Below is a listing; repeat exactly the lines from the one containing "The Journey Continues" to the one containing "Mint Green Lace", both included.

Start of Entries shown

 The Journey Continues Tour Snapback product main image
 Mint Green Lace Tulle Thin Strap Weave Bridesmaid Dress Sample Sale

End of Entries shown
Start of Entries shown

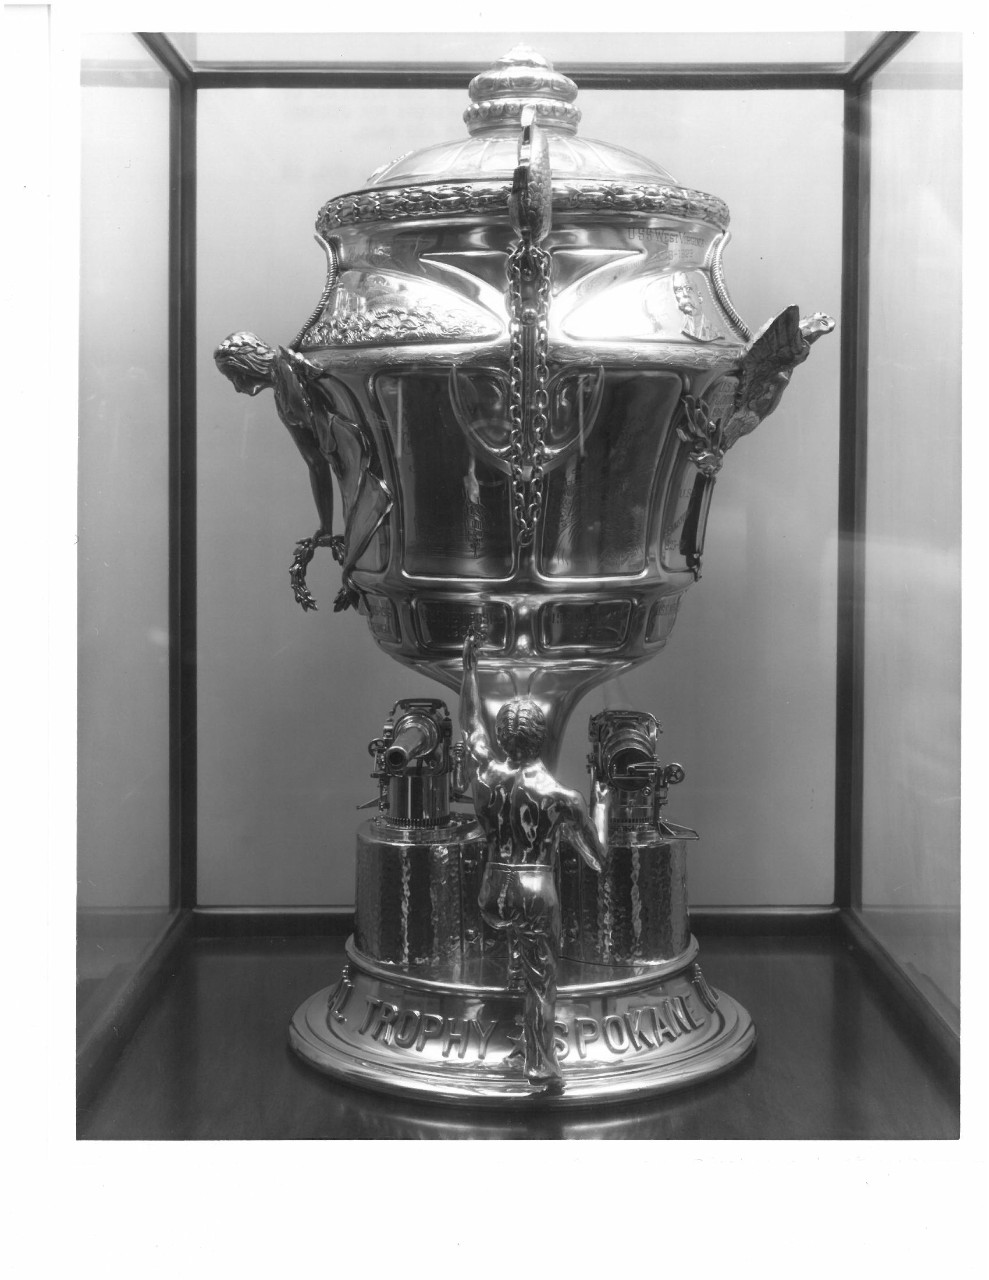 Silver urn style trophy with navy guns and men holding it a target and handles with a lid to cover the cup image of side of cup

End of Entries shown
Start of Entries shown

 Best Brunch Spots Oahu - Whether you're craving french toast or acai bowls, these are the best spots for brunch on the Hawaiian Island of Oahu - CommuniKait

End of Entries shown

| Answer below |
 The Journey Continues Tour Snapback product main image
 Mint Green Lace Tulle Thin Strap Weave Bridesmaid Dress Sample Sale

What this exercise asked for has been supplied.